##### Record excerpts
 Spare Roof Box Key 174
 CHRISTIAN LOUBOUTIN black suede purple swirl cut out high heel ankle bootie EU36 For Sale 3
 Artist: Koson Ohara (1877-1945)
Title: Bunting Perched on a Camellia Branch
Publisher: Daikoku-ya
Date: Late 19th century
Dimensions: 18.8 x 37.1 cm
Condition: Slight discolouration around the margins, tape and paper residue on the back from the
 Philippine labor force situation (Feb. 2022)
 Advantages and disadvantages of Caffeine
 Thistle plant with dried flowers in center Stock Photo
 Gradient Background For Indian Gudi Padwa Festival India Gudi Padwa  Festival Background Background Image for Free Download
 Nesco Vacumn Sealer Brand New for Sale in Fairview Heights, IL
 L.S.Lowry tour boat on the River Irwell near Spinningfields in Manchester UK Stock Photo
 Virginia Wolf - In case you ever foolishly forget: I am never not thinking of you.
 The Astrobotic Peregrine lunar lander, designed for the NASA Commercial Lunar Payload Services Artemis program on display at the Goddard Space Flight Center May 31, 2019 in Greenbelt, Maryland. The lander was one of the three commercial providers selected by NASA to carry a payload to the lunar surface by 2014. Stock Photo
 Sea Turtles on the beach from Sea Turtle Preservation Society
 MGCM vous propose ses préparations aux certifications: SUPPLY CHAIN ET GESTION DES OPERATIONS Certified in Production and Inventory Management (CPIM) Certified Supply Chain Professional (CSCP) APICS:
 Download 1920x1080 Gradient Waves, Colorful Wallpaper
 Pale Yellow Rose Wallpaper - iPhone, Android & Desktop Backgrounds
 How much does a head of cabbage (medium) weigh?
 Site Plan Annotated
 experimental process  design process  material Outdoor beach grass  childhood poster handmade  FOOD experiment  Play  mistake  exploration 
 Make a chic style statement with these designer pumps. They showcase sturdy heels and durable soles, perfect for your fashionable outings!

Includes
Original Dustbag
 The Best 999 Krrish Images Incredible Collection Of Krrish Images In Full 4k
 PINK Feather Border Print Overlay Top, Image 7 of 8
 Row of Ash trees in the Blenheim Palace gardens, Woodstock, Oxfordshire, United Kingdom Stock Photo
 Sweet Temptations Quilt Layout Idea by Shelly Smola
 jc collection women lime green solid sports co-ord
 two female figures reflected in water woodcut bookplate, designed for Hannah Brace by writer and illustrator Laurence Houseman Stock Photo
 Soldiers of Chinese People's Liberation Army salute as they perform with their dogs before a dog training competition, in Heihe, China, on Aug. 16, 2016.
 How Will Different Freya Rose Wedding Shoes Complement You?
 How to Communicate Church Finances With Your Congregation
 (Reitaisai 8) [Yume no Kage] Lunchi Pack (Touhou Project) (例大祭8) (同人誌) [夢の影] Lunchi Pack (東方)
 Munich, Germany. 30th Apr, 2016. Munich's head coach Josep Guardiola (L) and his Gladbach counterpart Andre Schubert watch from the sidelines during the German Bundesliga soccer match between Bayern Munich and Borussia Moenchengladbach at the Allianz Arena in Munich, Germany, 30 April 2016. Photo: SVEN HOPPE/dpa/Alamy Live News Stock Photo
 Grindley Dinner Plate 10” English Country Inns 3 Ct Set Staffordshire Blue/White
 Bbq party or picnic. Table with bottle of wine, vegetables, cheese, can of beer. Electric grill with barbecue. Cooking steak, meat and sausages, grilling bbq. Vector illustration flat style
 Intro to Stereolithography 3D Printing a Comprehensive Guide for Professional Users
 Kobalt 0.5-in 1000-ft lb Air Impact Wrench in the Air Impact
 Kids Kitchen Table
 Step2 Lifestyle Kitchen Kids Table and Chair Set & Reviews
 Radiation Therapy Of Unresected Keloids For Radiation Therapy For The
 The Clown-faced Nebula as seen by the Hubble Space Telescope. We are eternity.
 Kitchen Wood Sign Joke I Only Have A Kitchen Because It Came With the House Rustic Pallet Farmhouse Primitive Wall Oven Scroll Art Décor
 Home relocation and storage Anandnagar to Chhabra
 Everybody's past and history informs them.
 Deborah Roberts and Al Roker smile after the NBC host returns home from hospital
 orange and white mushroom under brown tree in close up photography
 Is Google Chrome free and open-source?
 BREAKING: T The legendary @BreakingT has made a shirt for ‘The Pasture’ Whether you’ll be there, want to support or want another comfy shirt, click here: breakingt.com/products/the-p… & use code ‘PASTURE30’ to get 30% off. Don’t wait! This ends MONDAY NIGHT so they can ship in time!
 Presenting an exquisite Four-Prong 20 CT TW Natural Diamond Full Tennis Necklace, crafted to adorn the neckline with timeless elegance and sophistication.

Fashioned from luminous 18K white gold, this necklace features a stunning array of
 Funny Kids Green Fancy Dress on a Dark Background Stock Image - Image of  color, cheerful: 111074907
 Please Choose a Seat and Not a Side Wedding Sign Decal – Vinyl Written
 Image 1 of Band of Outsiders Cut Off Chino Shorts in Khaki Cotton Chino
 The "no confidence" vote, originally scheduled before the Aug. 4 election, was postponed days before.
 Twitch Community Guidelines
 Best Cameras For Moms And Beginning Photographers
##########
* **Task instructions**: Only lines that hold the string "Kids" belong in the answer, so copy every one of them from the records.

* **Reply**:
 Kids Kitchen Table
 Step2 Lifestyle Kitchen Kids Table and Chair Set & Reviews
 Funny Kids Green Fancy Dress on a Dark Background Stock Image - Image of  color, cheerful: 111074907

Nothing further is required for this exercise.